A second line of defence is under-frequency load shedding, when an automated system kicks in when the electricity frequency drops below 50Hz.
A third line of defence is islanding, where the country is split into areas which are not interconnected. A blackout in one region will not affect the whole country.
When all of these defences fail, the country may experience a national blackout.
The risk in the event of a national blackout
Yelland said the probability of a national blackout is very low because of the manual and automatic measures to reduce demand.
However, because of the severe consequences in the event of a national blackout, an emergency plan is of value.
He provided the following equation to establish whether you should invest in an emergency plan.
Risk = Probability x Consequences
The decision to have an emergency plan depends on your individual risk. The low risk and severe consequences makes this a challenging question to answer.
Some emergency plans are in place
Preparing for a national power blackout is already happening. The City Press reported that Eskom secretly conducted a nationwide blackout simulation in March 2015 to test how its systems would handle a total loss of power.
This followed reports that the South African government and the US embassy have emergency plans in place in the event of a blackout.

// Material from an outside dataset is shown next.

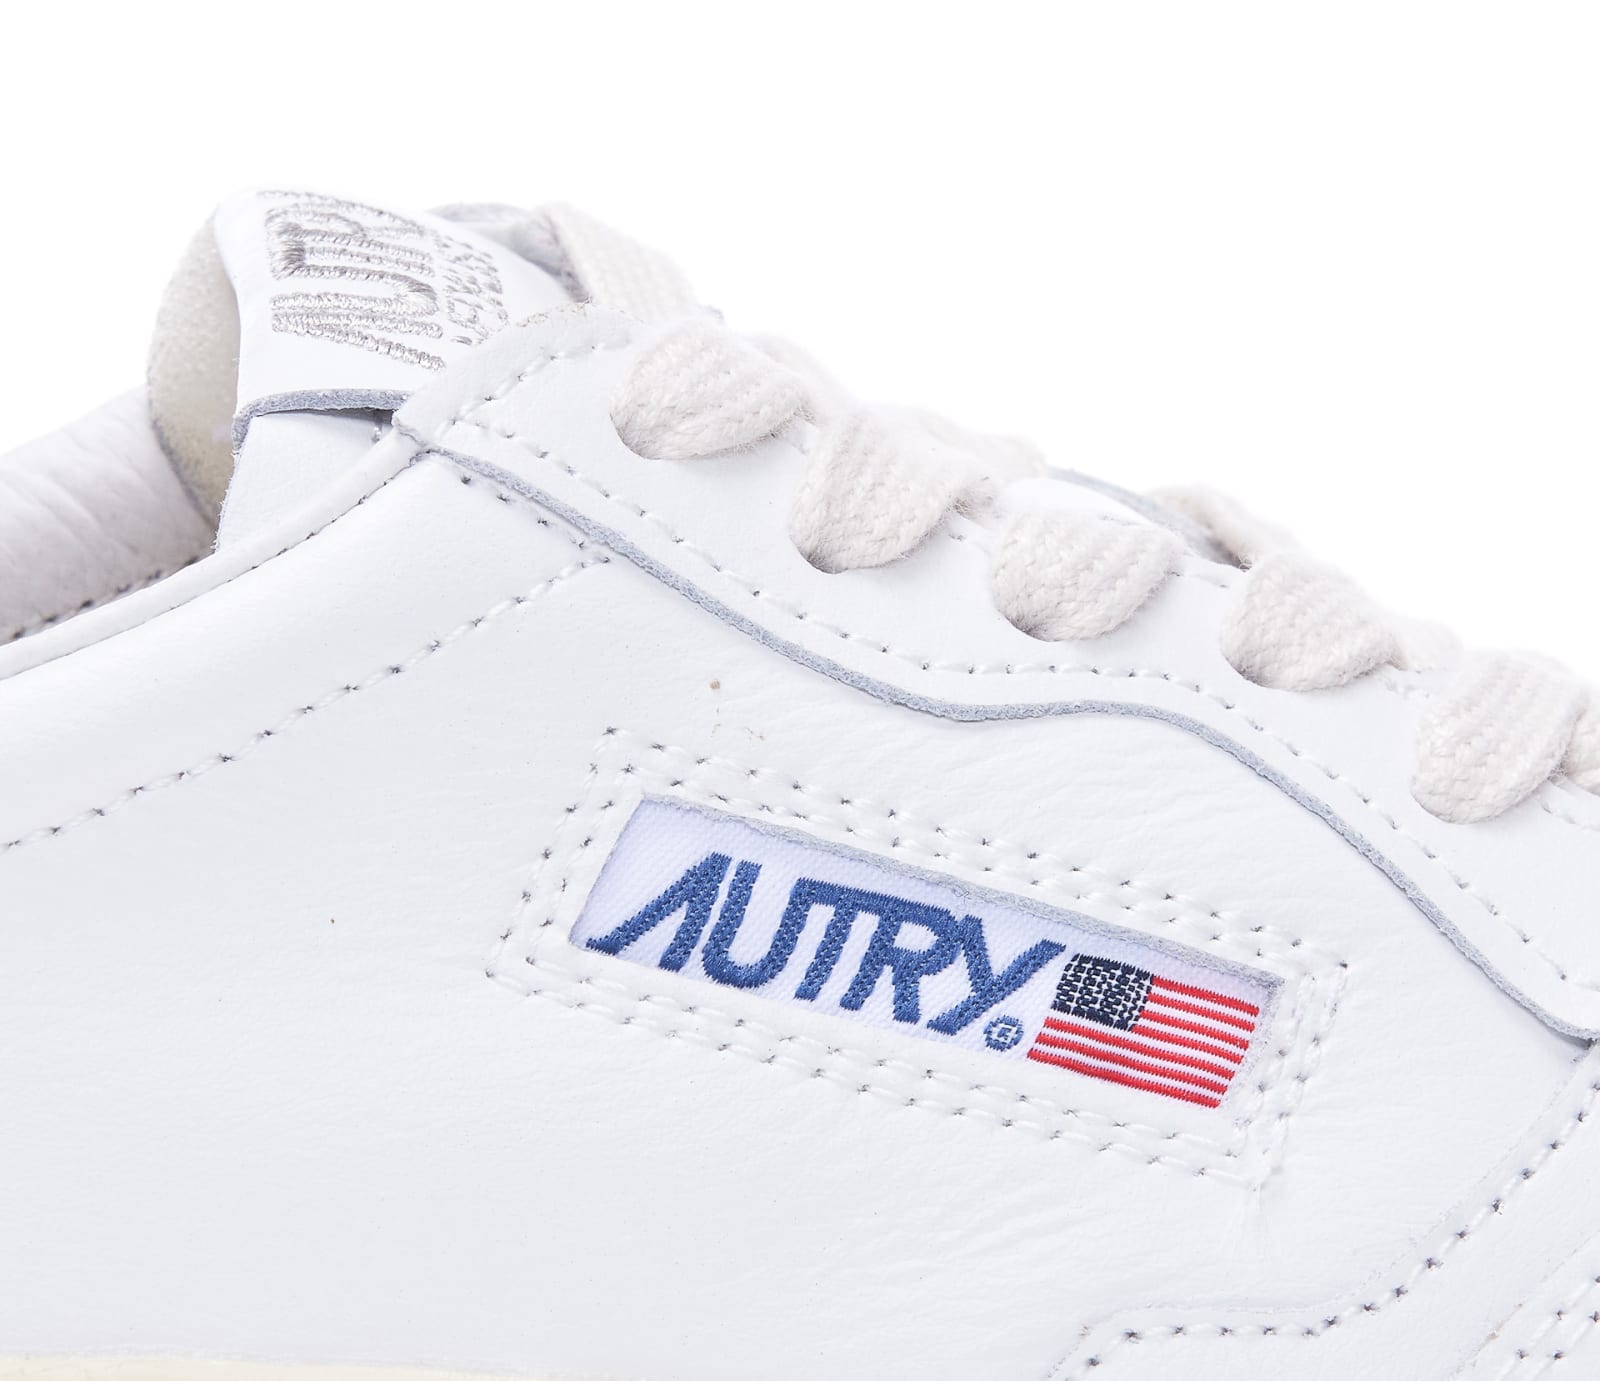 Shop Autry Low Medialist Sneakers In Bianco

The City Press reported that the US embassy in Pretoria “has drawn up an evacuation plan partly designed to get its staff out safely if the lights go off in South Africa once and for all”.
South Africa’s top leaders will also be moved to safety. Reuters reported that president Jacob Zuma and his cabinet would be taken to a secret location if a blackout occurred.
The report further stated that “soldiers would be deployed at key sites such as the central bank and South African Broadcasting Corporation”.
Cape Town mayor Patricia de Lille said they have set aside R245 million to accommodate emergency preparations for a national blackout.
What you can do to prepare for a national blackout
While most South Africans do not have the resources of the government or large companies to prepare for a power blackout, there are things which you can do to mitigate its effects.
Basic power backup solutions – like a generator, battery backups/UPS, or solar power – will be valuable. Having alternative energy sources like wood, candles, and gas is also good.
A basic “survival kit” is also advised. This should include adequate water, food, a battery-powered radio, a torch with batteries (LED if possible), and personal sanitation items.
Other items which are always welcome include a first aid kit, a whistle to signal for help, and a wrench or pliers for turning off utilities.
Having some cash around can be a life saver, as ATMs, cash registers, and credit card machines won’t work during a prolonged blackout.